__Directions__
Under this line sits a listing. Repeat exactly and only its lines from the one holding "a man riding a bike wearing a helmet" through the one holding "Ferrari White Cotton"; skip pictures.

__Material provided__
______

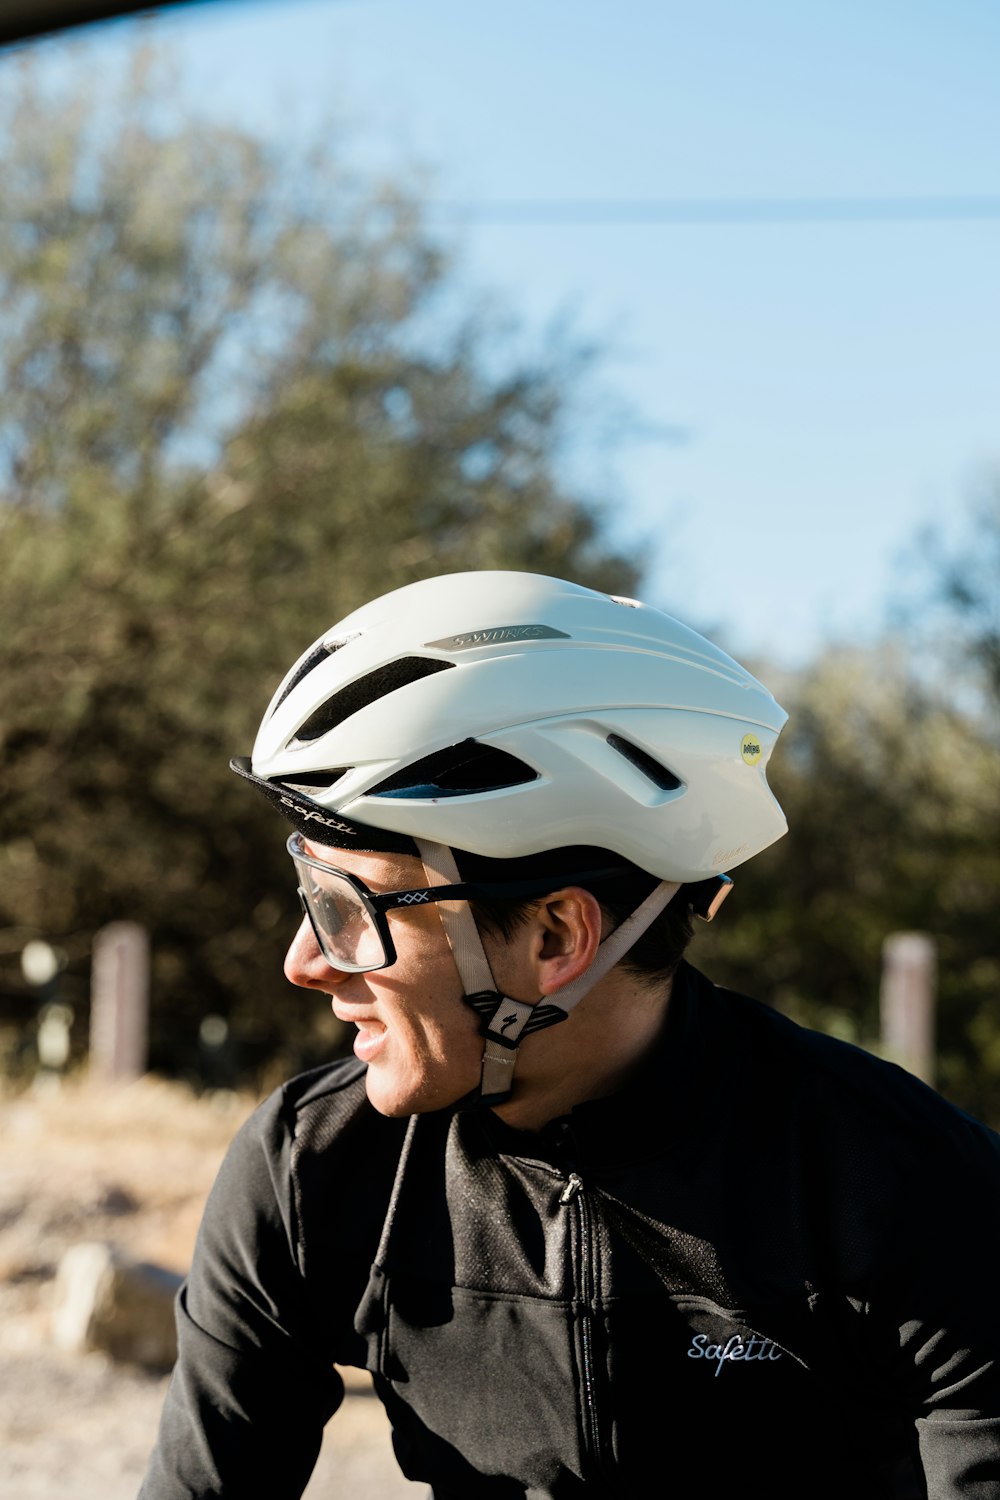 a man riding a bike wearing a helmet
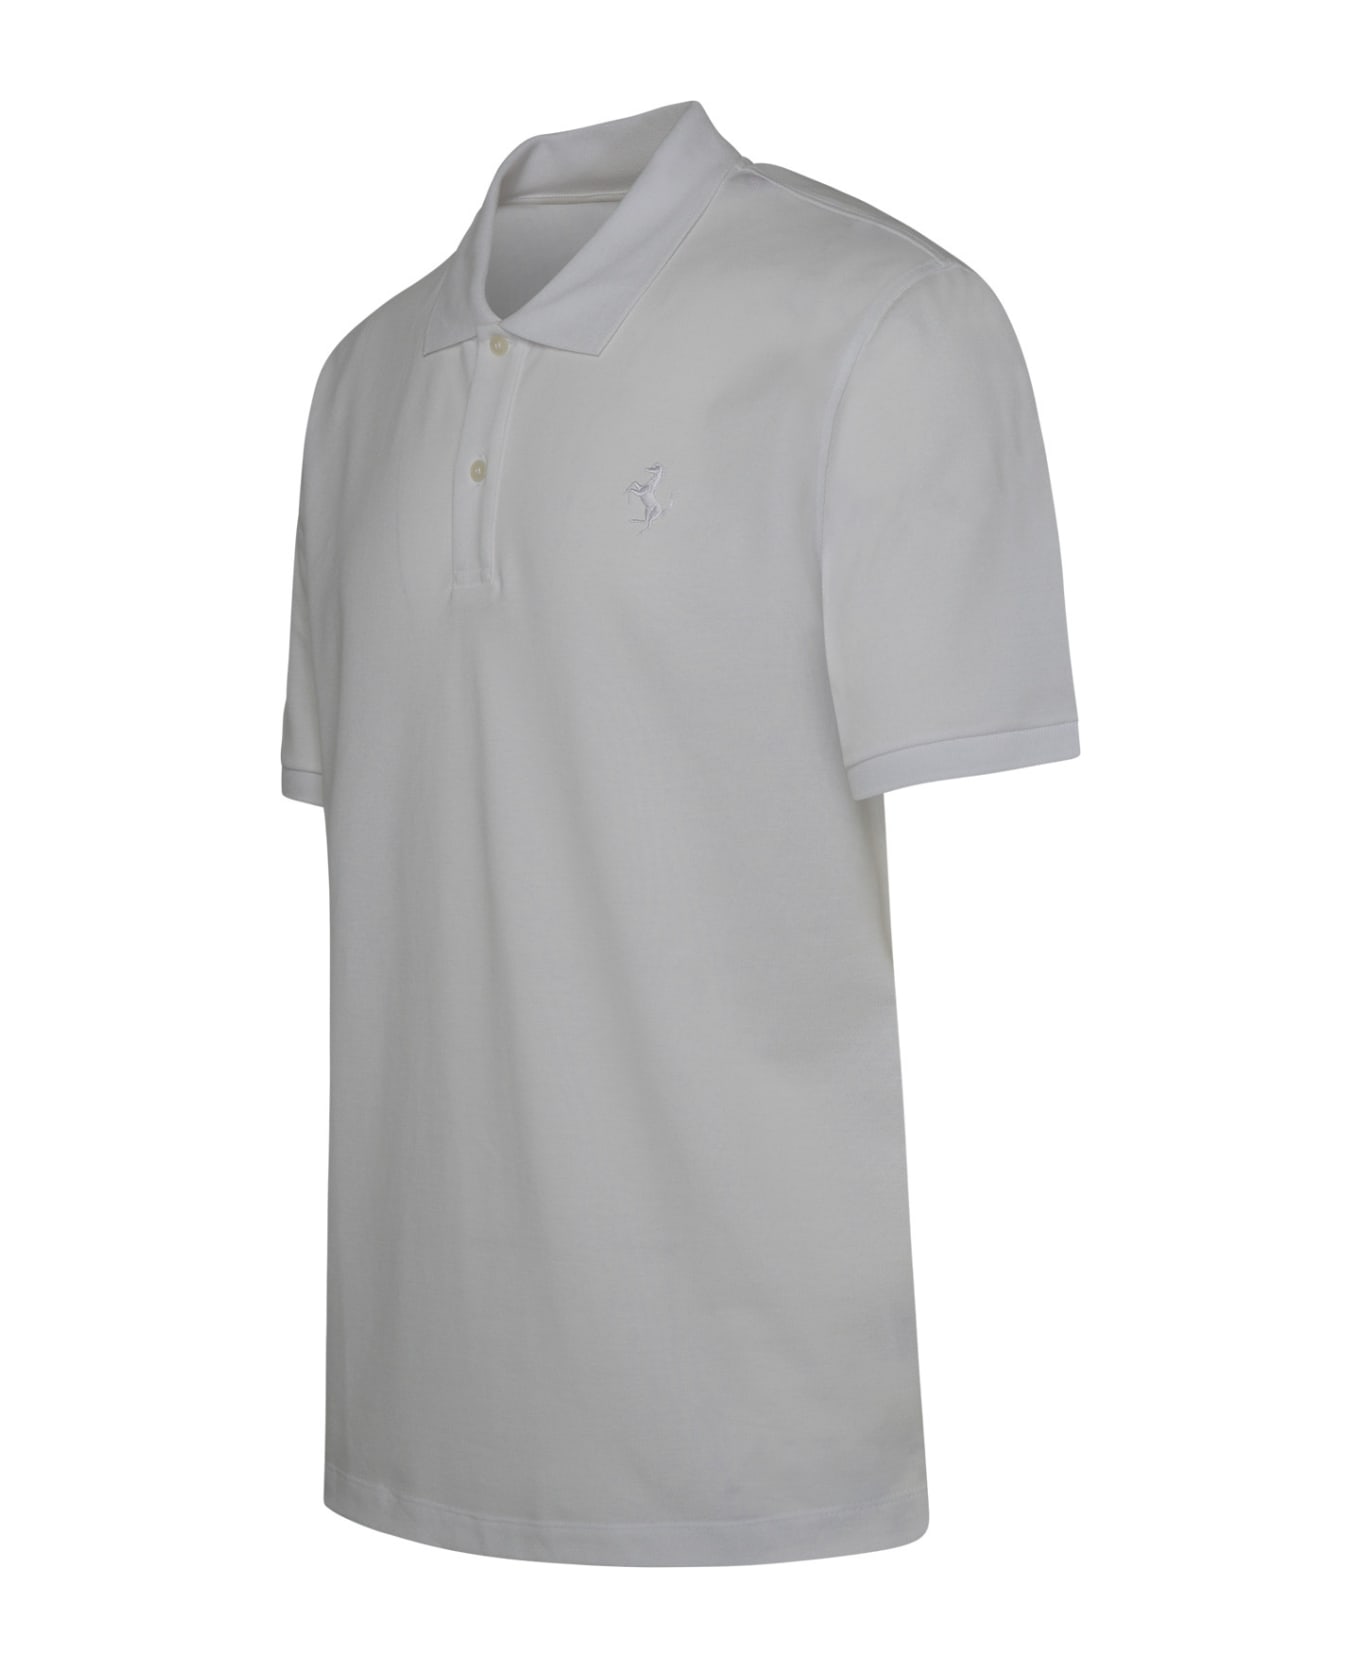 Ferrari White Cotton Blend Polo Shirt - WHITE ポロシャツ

______

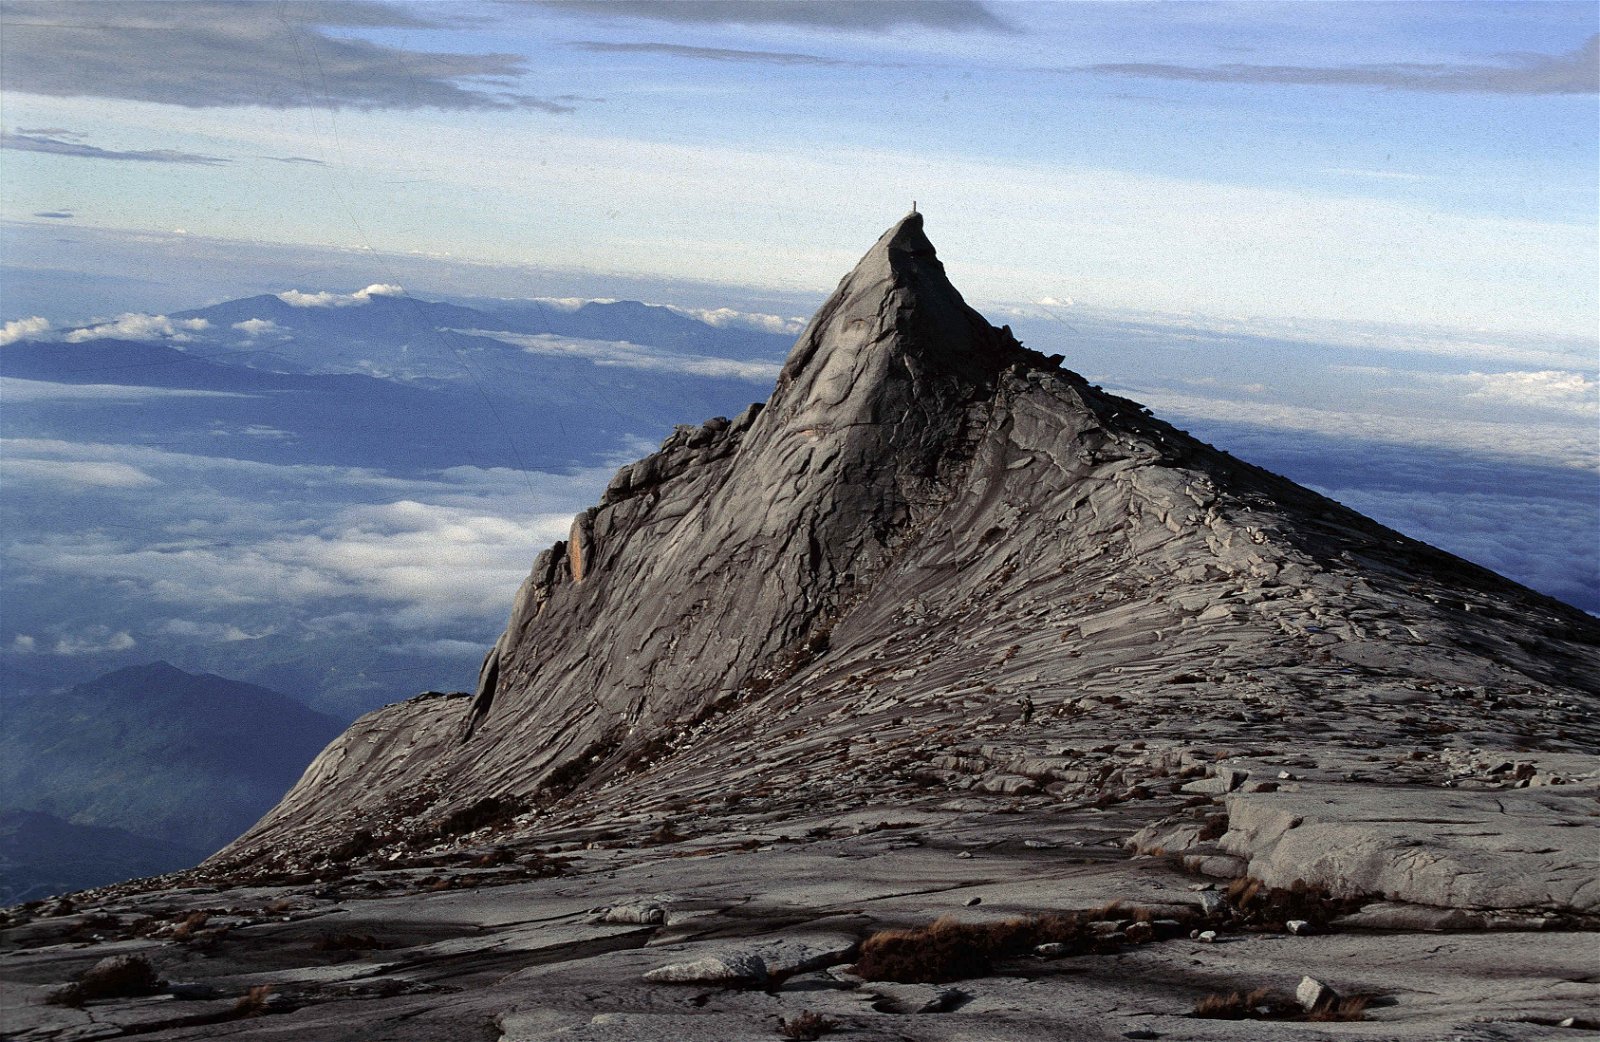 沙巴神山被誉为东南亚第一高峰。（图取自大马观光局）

______

__Result__
 a man riding a bike wearing a helmet
 Ferrari White Cotton Blend Polo Shirt - WHITE ポロシャツ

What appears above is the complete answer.